The influence of Ca2+ on the effects of glucagon on hepatic glycolysis.

1. The influence of Ca2+ on the effects of glucagon on glycolysis was investigated in the isolated perfused rat liver. Livers from fed rats were perfused in an open system with Krebs/Henseleit-bicarbonate buffer (pH 7.4). Glucose release, lactate plus pyruvate production (glycolysis) and oxygen uptake were measured.
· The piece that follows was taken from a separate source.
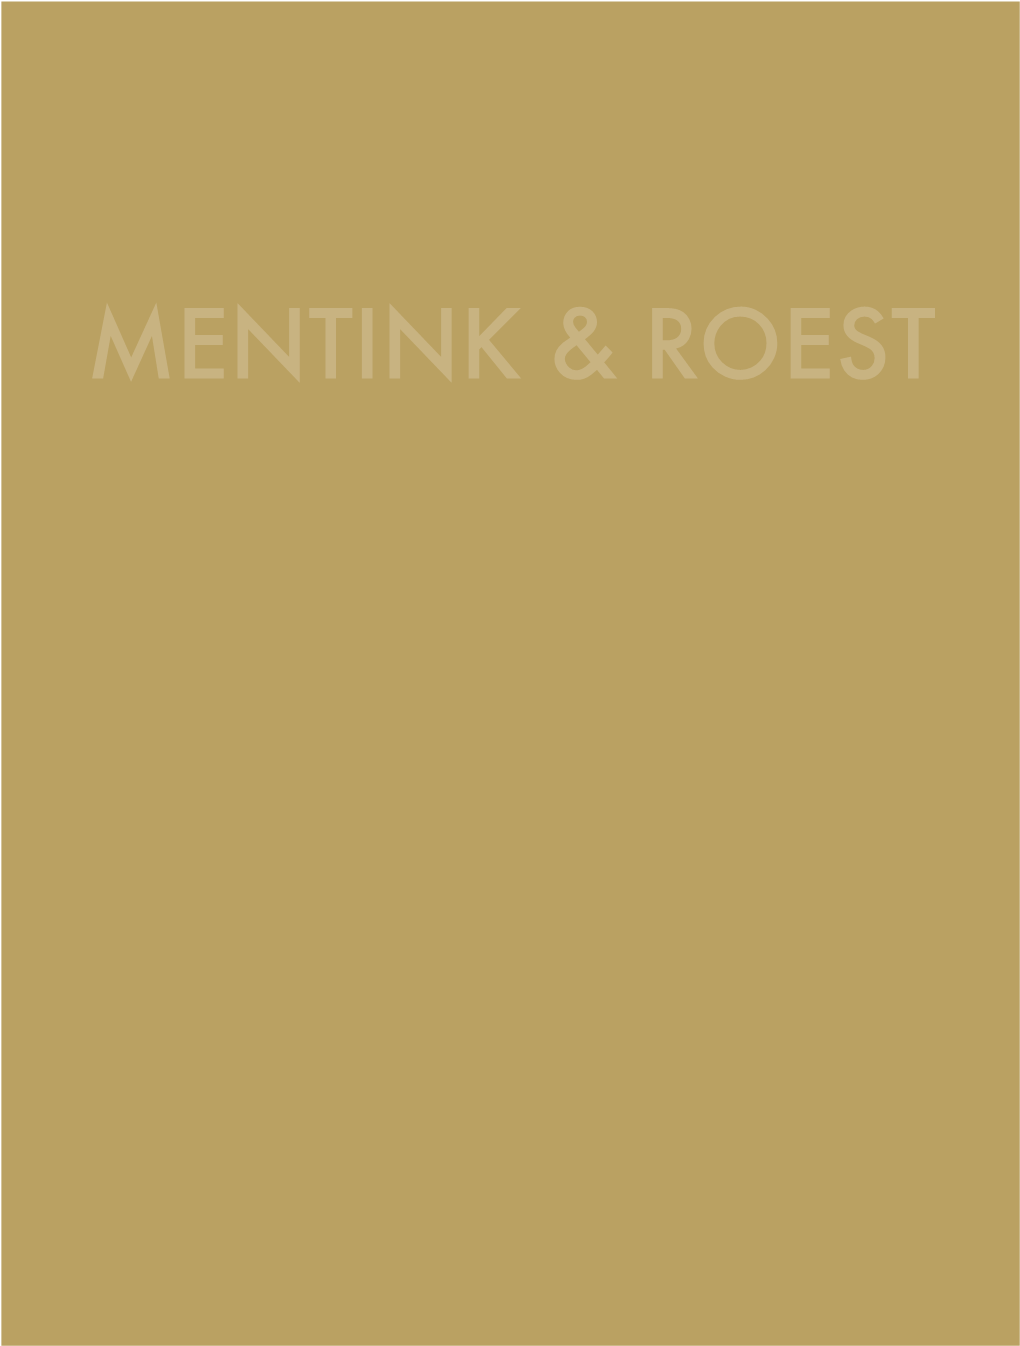 Magnificent Clocks from the Mentink & Roest Collection Magnificent Clocks from the Mentink & Roest Collection

The following results were obtained: 2. In livers perfused with Ca(2+)-free Krebs/Henseleit-bicarbonate buffer and after depletion of the intracellular pools, the initial and transient stimulation of glycolysis, which is normally observed shortly after the onset of glucagon infusion, was more pronounced when compared to livers perfused with normal perfusion fluid (2.5 mM Ca2+) and without previous depletion of the intracellular pools (controls); the subsequent inhibition of glycolysis was delayed in Ca(2+)-free perfused livers and was less pronounced in comparison with the controls at the end of the glucagon infusion period (20 min). 3. Perfusion with a Ca(2+)-free medium supplemented with EDTA, without previous depletion of the intracellular pools, also produced a substantial reduction in the effects of glucagon on glycolysis. 4. Ca(2+)-free perfusion did not affect the stimulative action of glucagon on glucose release (glycogenolysis) and oxygen uptake. 5. Glycolysis inhibition by cAMP also was abolished in Ca(2+)-free perfused livers, and the initial stimulation was enhanced. 6. Mn2+, a metal ion known as a competitor of Ca2+, considerably reduced the action of glucagon on glycolysis; Mn2+ did not affect the basal rates of glycolysis. 7. Sr2+, a metal ion that is often recognized as Ca2+ by several biological structures and processes, increased the inhibitory action of glucagon on glycolysis. 8. Several organic compounds, which directly or indirectly take part in Ca2+ fluxes, were also able to diminish (e.g., verapamil) or even to abolish (carbenoxolone) the inhibitory action of glucagon on glycolysis. 9. It was concluded that, under the conditions of the living cell, Ca2+ is important for glycolysis inhibition by glucagon. In principle at least, the results can be explained in terms of the known Ca2+ dependencies of several protein kinases and protein phosphatases.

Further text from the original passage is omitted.